[A cura di: Corrado Sforza Fogliani – presidente Centro studi Confedilizia]
Circa il compenso dell’amministratore di condominio è ormai noto che, chi svolge tale attività, deve, ora, portare a conoscenza dell’assemblea (affinché l’accetti), in sede di conferimento (o di rinnovo) dell’incarico, la retribuzione richiesta, sia per le competenze relative a prestazioni di carattere ordinario sia per quelle relative ad attività di natura straordinaria. E questo, a seguito della riscrittura, ad opera della legge di riforma (l. n. 220/2012), dell’art. 1129 cod. civ., secondo cui l’amministratore, “all’atto dell’accettazione della nomina e del suo rinnovo deve specificare analiticamente” l’importo dovuto a titolo di compenso; pena: la “nullità della nomina stessa”.
Ciò posto, è altrettanto importante sottolineare l’importanza di definire in sede assembleare la periodicità con cui l’amministratore possa incassare il proprio compenso. Infatti, in assenza di una decisione sul punto (oppure di una norma del regolamento che tratti della questione), deve ritenersi – anche sulla base della disciplina sul mandato, alla quale lo stesso art. 1129 cod. civ. rimanda per regolare i rapporti tra condòmini e amministrazione condominiale (e da cui non emerge, salvo naturalmente diverso accordo tra le parti, la possibilità di un pagamento frazionato del compenso concordato) – che l’amministratore non possa percepire quanto convenuto se non alla scadenza (annuale) dell’incarico.
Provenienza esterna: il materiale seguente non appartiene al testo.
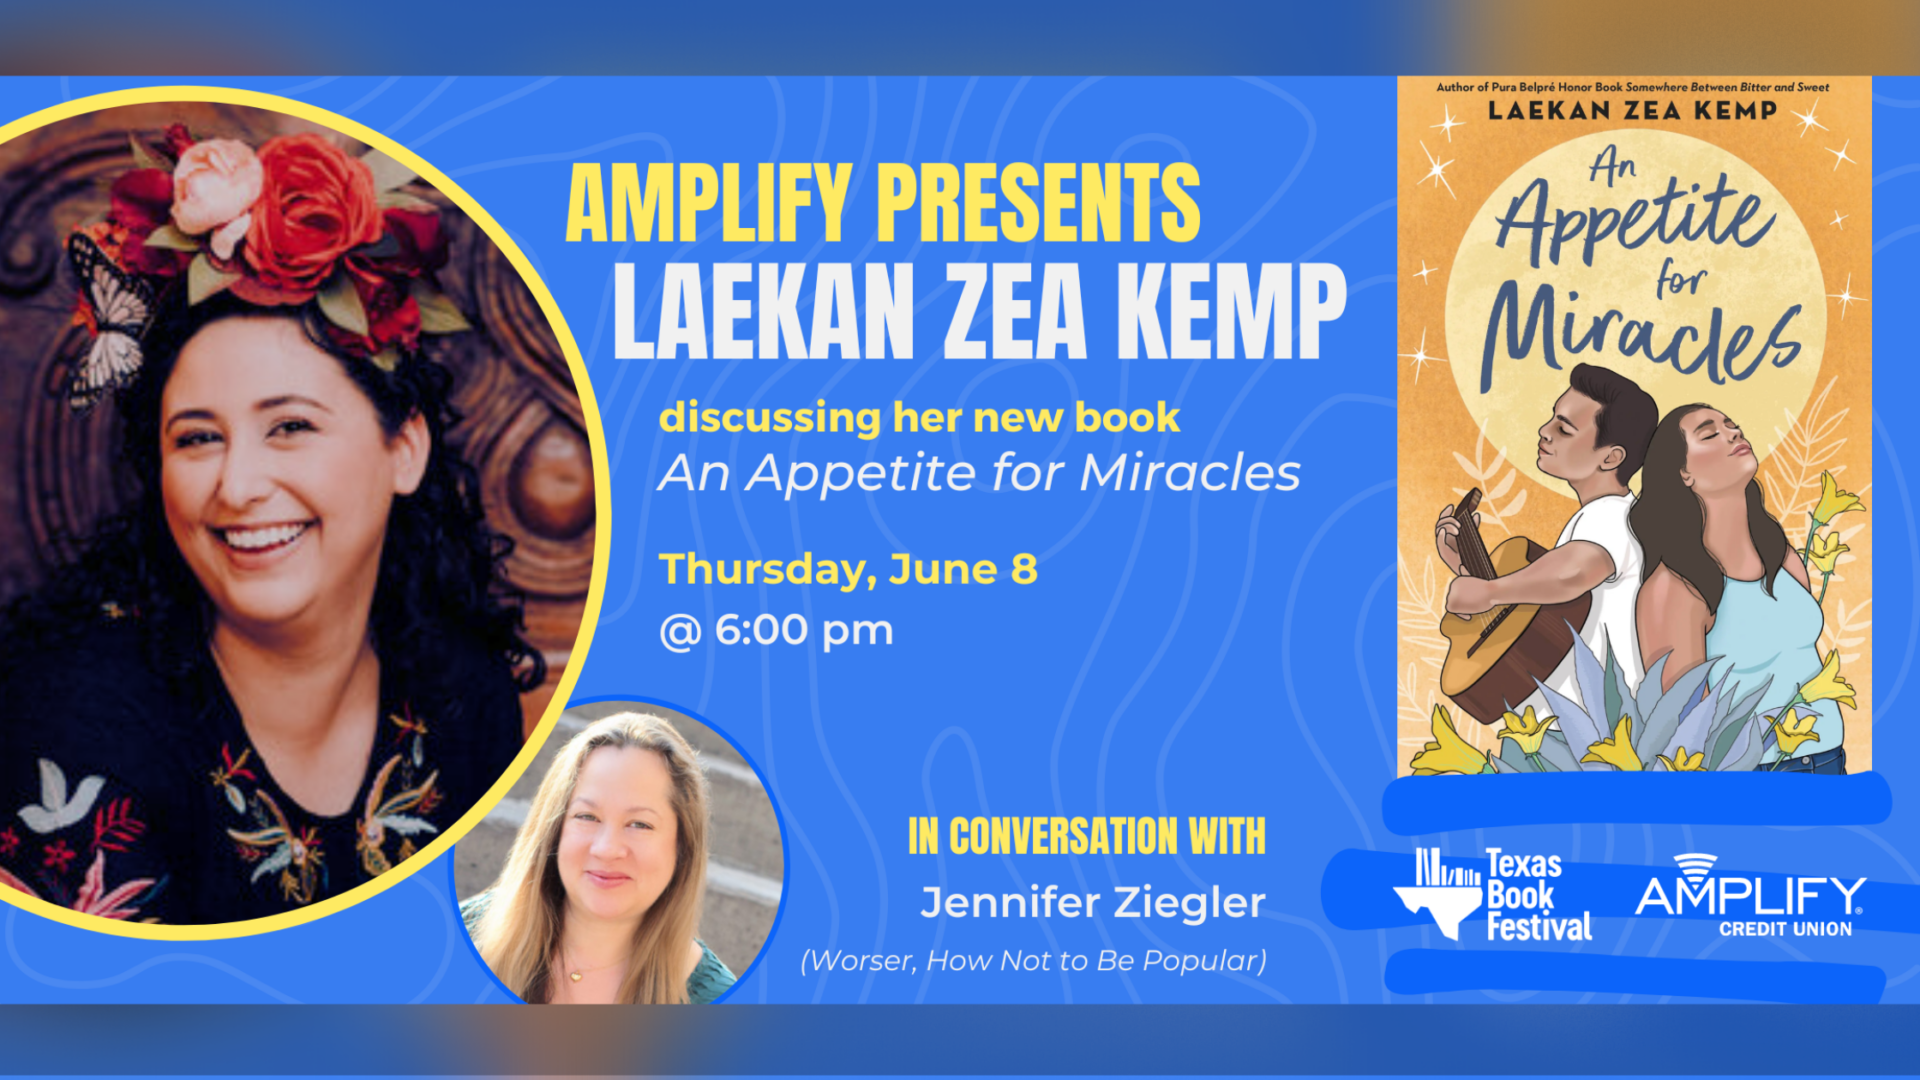 Amplify Credit Union and Texas Book Festival Presents: Laekan Zea Kemp

Con l’effetto che eventuali incassi in corso di mandato potrebbero essere ritenuti illegittimi e quindi causare all’interessato problemi di vario genere (anche di natura penale). Problemi che, necessariamente, si proietterebbero sulla compagine condominiale, la quale verrebbe ad essere coinvolta in complessi quanto delicati contenziosi.